Single by Diana Ross

from the album Diana
- B-side: "Where Did We Go Wrong"; "Now That You're Gone";
- Released: September 19, 1980 (UK) / November, 1981 (US)
- Recorded: 1979–Spring 1980
- Studio: Power Station (New York City)
- Genre: R&B; disco; soul;
- Length: 3:55
- Label: Motown
- Songwriters: Nile Rodgers; Bernard Edwards;
- Producers: Nile Rodgers; Bernard Edwards;

Diana Ross singles chronology
| "I'm Coming Out" (1980) | "My Old Piano" (1980) | "It's My Turn" (1980) |

Music video
- "My Old Piano" on YouTube

= My Old Piano =

"My Old Piano" is a song by American R&B singer Diana Ross. It was written and produced by Chic members Nile Rodgers and Bernard Edwards for Ross's self-titled eleventh studio album (1980). In it, Ross sings about the joy of playing a piano, describing it as if it were a person. The song was released on September 19, 1980 as the album's third and final single by Motown Records in the United States, and the second single elsewhere. In an accompanying music video, Ross appears performing the song in an apartment with an old piano.

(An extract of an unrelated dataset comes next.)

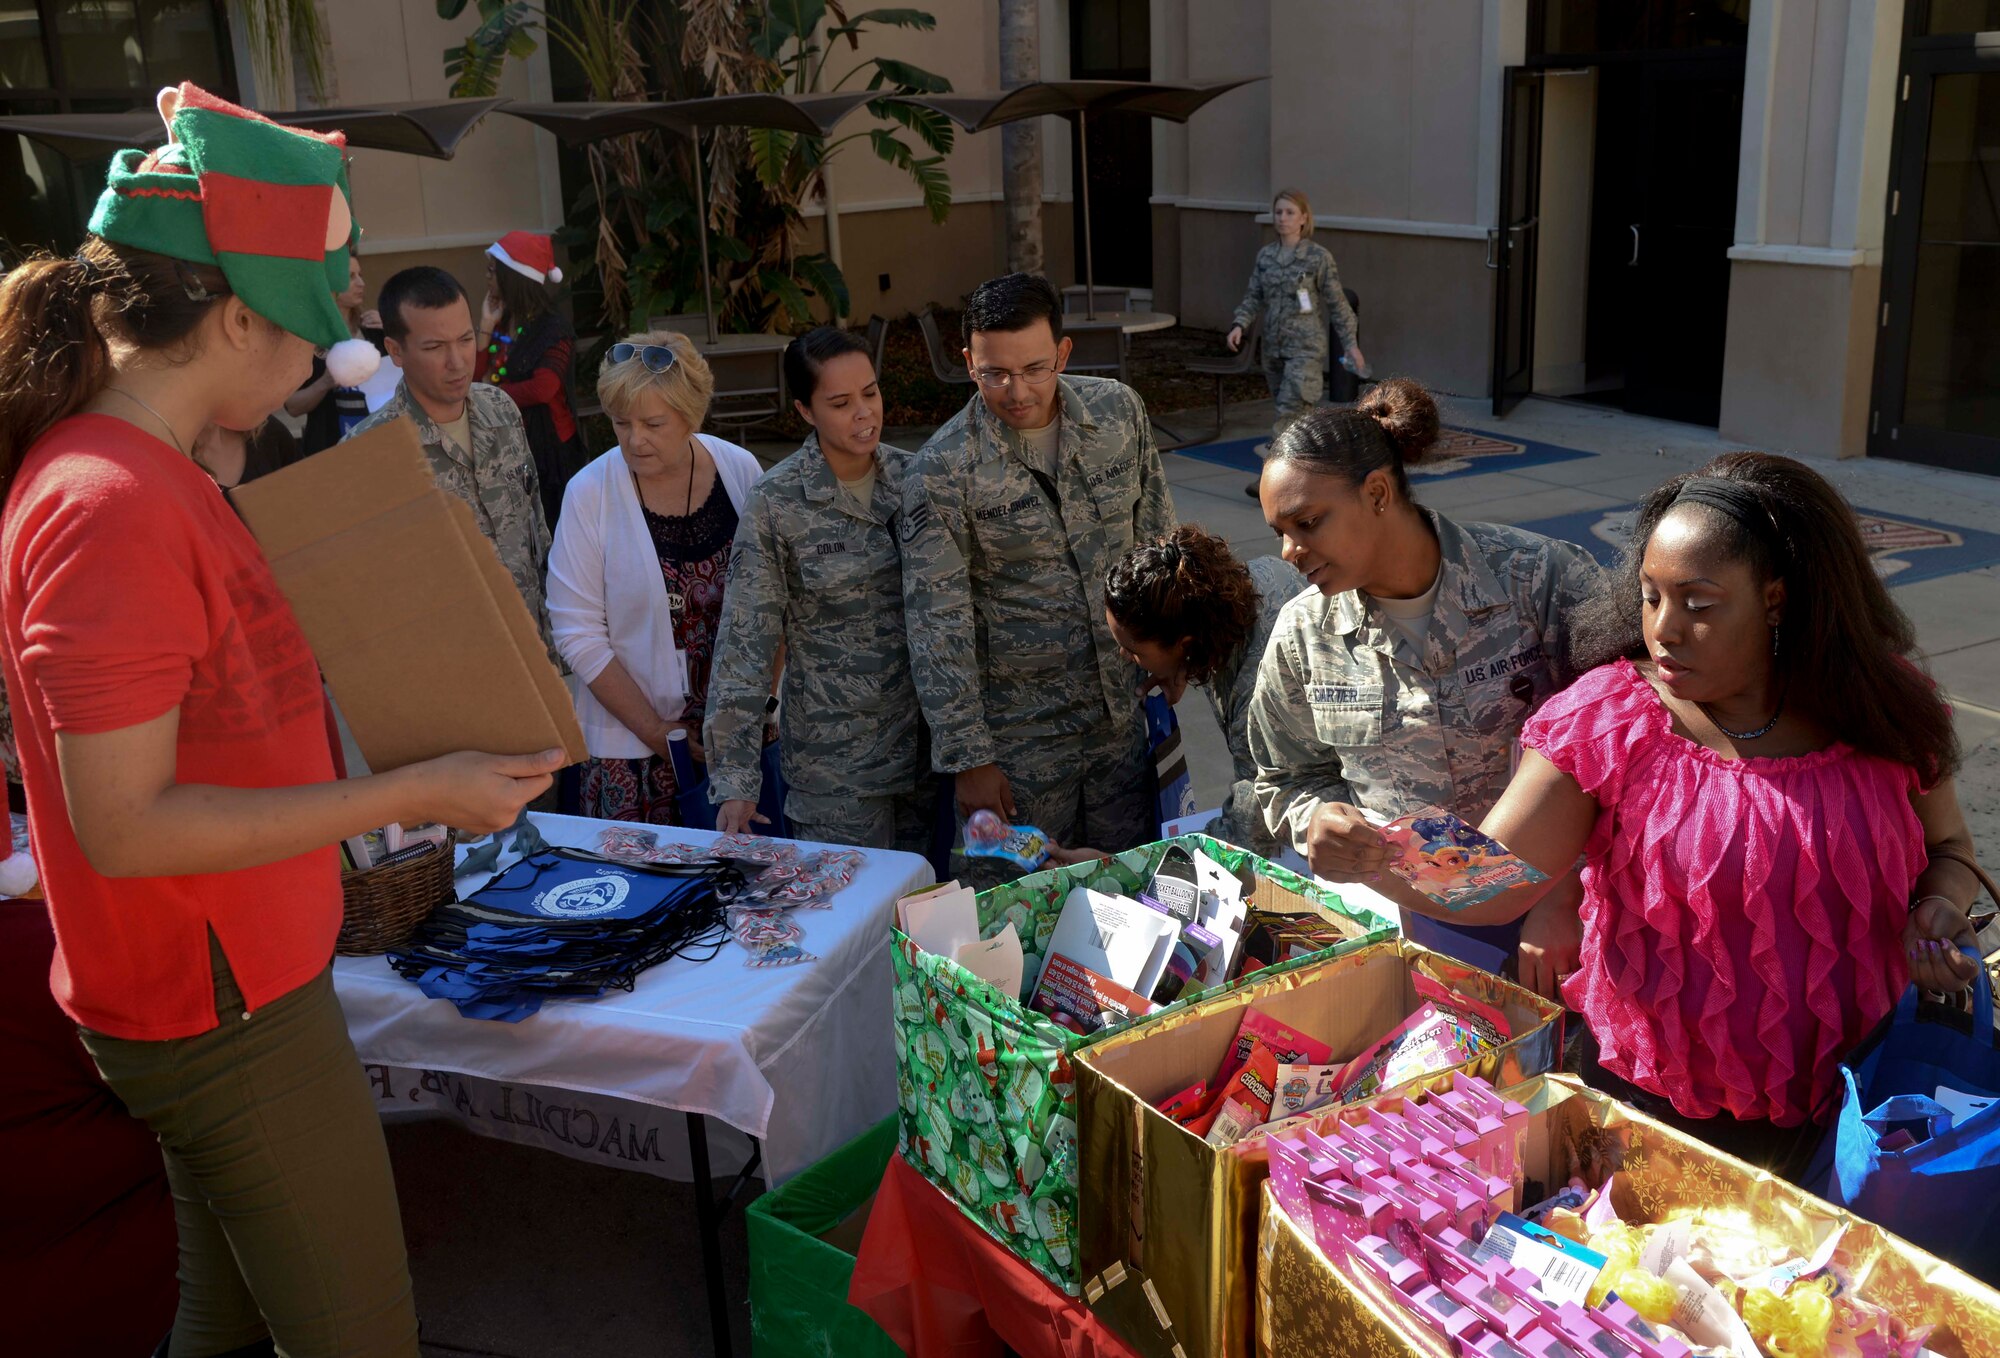 Personnel assigned to the 6th Medical Group (MDG) select free toys during the 6th MDG appreciation event at MacDill Air Force Base, Fla., Dec. 14, 2016. Medical personnel also received free refreshments and “thank you” cards, as well as a musical performance from the Air Force Band of the West Clarinet Quartet. (U.S. Air Force photo by Senior Airman Vernon L. Fowler Jr.)

Unlike previous singles "Upside Down" and "I'm Coming Out", "My Old Piano" was not as successful in the United States; however, it was a commercial success in Europe, particularly in the United Kingdom, where it was a Top 5 hit and earned her a British Phonographic Industry (BPI) silver disc award for sales in excess of 250,000 copies.

==Track listings==

7" Single

1. "My Old Piano" 3:55
2. "Where Did We Go Wrong" 3:59

12" Single

1. "My Old Piano" 3:55
2. "Where Did We Go Wrong" 3:59
3. "Now That You're Gone" 3:59

==Charts==

===Weekly charts===

| Chart (1980–1982) | Peak position |
|---|---|
| Australia (Kent Music Report) | 25 |
| Austria (Ö3 Austria Top 40) | 20 |
| Belgium (Ultratop 50 Flanders) | 4 |
| Luxembourg (Radio Luxembourg) | 3 |
| Netherlands (Dutch Top 40) | 2 |
| Netherlands (Single Top 100) | 2 |
| UK Singles (OCC) | 5 |
| US Bubbling Under the Hot 100 (Billboard) | 9 |
| West Germany (GfK) | 15 |

===Year-end charts===

| Chart (1980) | Position |
|---|---|
| Belgium (Ultratop Flanders) | 34 |
| Netherlands (Dutch Top 40) | 32 |
| Netherlands (Single Top 100) | 35 |

==Certifications==

| Region | Certification | Certified units/sales |
| United Kingdom (BPI) | Silver | 200,000^{^} |
^{^} Shipments figures based on certification alone.